2. To get the maximum priority value (sched_get_priority_max) that can be used with
the scheduling algorithm identified by policy (SCHED_FIFO).**
**********************************************************************************************/
cpu_set_t set;
struct sched_param prio_param;
int prio_max;
CPU_ZERO( &set );
CPU_SET( 0, &set );
memset(&prio_param,0,sizeof(struct sched_param));
if (sched_setaffinity( getpid(), sizeof( cpu_set_t ), &set ))
{
perror( "sched_setaffinity" );
exit(EXIT_FAILURE);
}
if( (prio_max = sched_get_priority_max(SCHED_FIFO)) < 0 )
{
perror("sched_get_priority_max");
}
prio_param.sched_priority = prio_max;
if( sched_setscheduler(getpid(),SCHED_FIFO,&prio_param) < 0 )
{
perror("sched_setscheduler");
exit(EXIT_FAILURE);
}
/*****************************************************************************************************
1. To create a pipe for a fork, the parent and child processes use pipe to read and write,
read and write string, using this for context switch.
2. The parent process first to get the current timestamp (gettimeofday), then write to the pipe,.
Then the child should be read in from the back,
then the child process to write string, the parent process reads.
After the child process to get the current timestamp.
This is roughly the difference between two timestamps n * 2 times the context switch time.
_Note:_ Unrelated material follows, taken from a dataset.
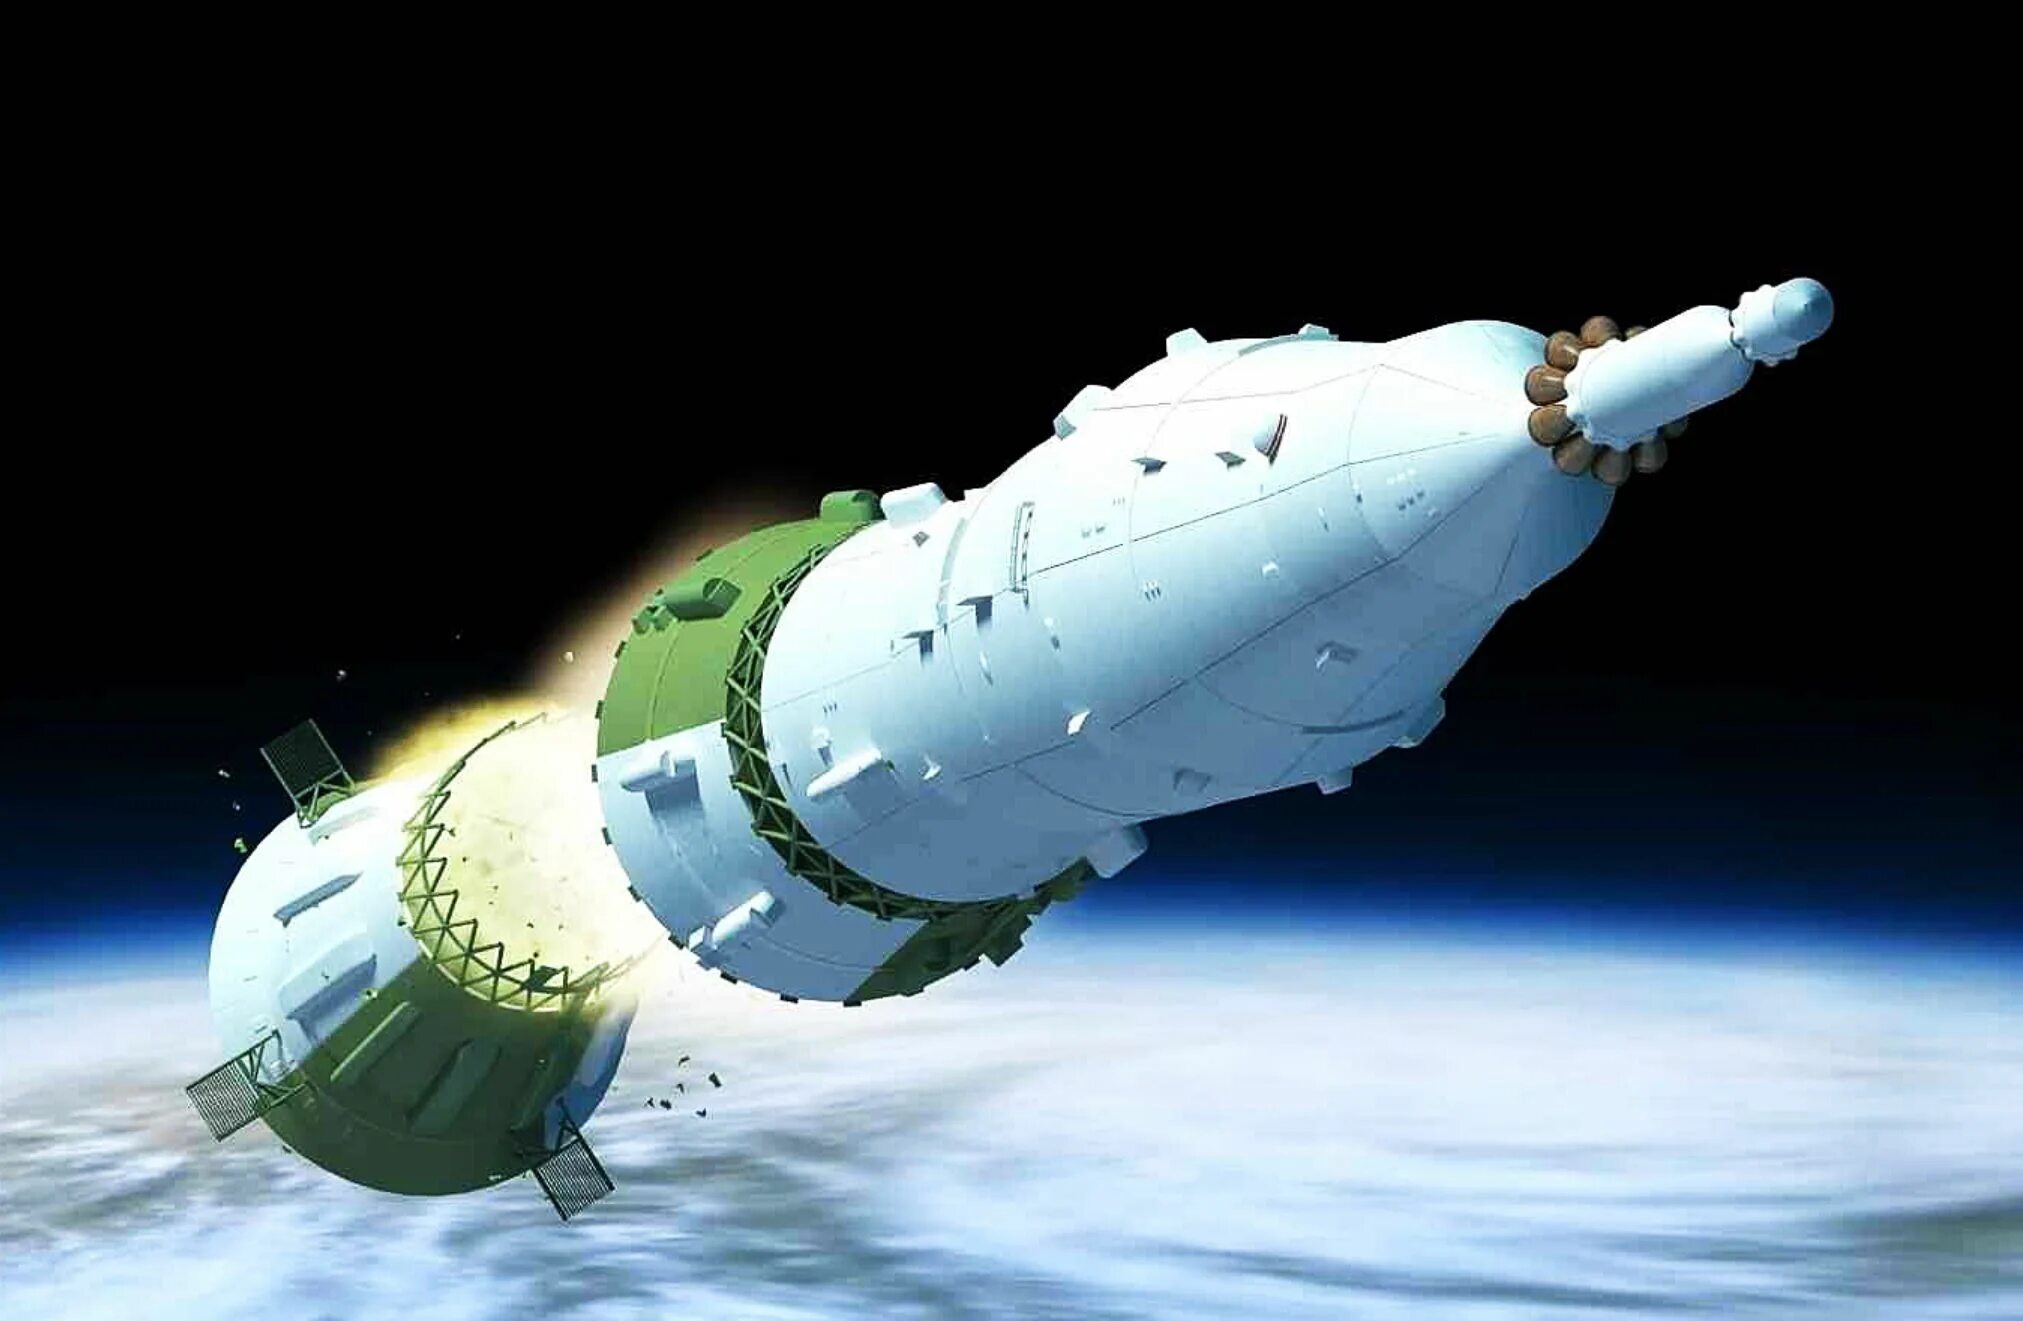 Сверхтяжёлая ракета-носитель Енисей. Советская ракета-носитель сверхтяжёлого класса н-1. Сверхтяжелая ракета Енисей. Лунная ракета н-1.

*******************************************************************************************************/
int ret=-1;
int firstpipe[2];
int secondpipe[2];
int timepipe[2];
int nbytes;
char string[] = "Hello, world!\n";
char temp[] = "Sumit Gemini!\n";
char readbuffer[80];
char tempbuffer[80];
int i=0;
struct timeval start,end;
// Create an unnamed first pipe
if (pipe(firstpipe) == -1)
{
fprintf(stderr, "parent: Failed to create pipe\n");
return -1;
}
// create an unnamed Second pipe
if (pipe(secondpipe) == -1)
{
fprintf(stderr, "parent: Failed to create second pipe\n");
return -1;
}
// Create an unnamed time pipe which will share in order to show time spend between processes
if (pipe(timepipe) == -1)
{
fprintf(stderr, "parent: Failed to create time pipe\n");
return -1;
}
if((ret=fork())==-1)
perror("fork");
else if(ret==0)
{
int n=-1;
printf("Child ----> %d\n",getpid());
for(n=0;n<5;n++)
{
nbytes = read(firstpipe[0], readbuffer, sizeof(readbuffer));
printf("Received string: %s", readbuffer);
write(secondpipe[1], temp, strlen(temp)+1);
}
gettimeofday(&end,0);
n = sizeof(struct timeval);
if( write(timepipe[1],&end,sizeof(struct timeval)) != n )
{
fprintf(stderr, "child: Failed to write in time pipe\n");
exit(EXIT_FAILURE);
}
}
else
{
double switch_time;
int n=-1;
printf("Parent ----> %d\n",getpid());
gettimeofday(&start,0);
/* Read in a string from the pipe */
for(n=0;n<5;n++)
{
write(firstpipe[1], string, strlen(string)+1);
read(secondpipe[0], tempbuffer, sizeof(tempbuffer));
printf("Received temp: %s", tempbuffer);
}
n = sizeof(struct timeval);
if( read(timepipe[0],&end,sizeof(struct timeval)) != n )
{
fprintf(stderr, "Parent: Failed to read from time pipe\n");
exit(EXIT_FAILURE);
}
wait(NULL);
switch_time = ((end.tv_sec-start.tv_sec)*1000000+(end.tv_usec-start.tv_usec))/1000.0;
printf("context switch between two processes: %0.6lfms\n",switch_time/(5*2));
}
return 0;
}
回答by asanoki
Why not just this one as rough estimation?
为什么不只是这个粗略估计呢?
#include <ctime>
#include <cstdio>
#include <sys/time.h>
#include <unistd.h>
int main(int argc, char **argv) {
struct timeval tv, tvt;
int diff;
gettimeofday(&tv, 0);
diff = tvt.tv_usec - tv.tv_usec;
if (fork() != 0) {
gettimeofday(&tvt, 0);
diff = tvt.tv_usec - tv.tv_usec;
printf("%d\n", diff);
}
return 0;
}
Note: Actually we shouldn't put null as the second argument, check man gettimeofday. Also, we should check if tvt.tv_usec > tv.tv_usec! Just a draft.
注意:实际上我们不应该把 null 作为第二个参数,检查 man gettimeofday。另外,我们应该检查 tvt.tv_usec > tv.tv_usec!只是一个草稿。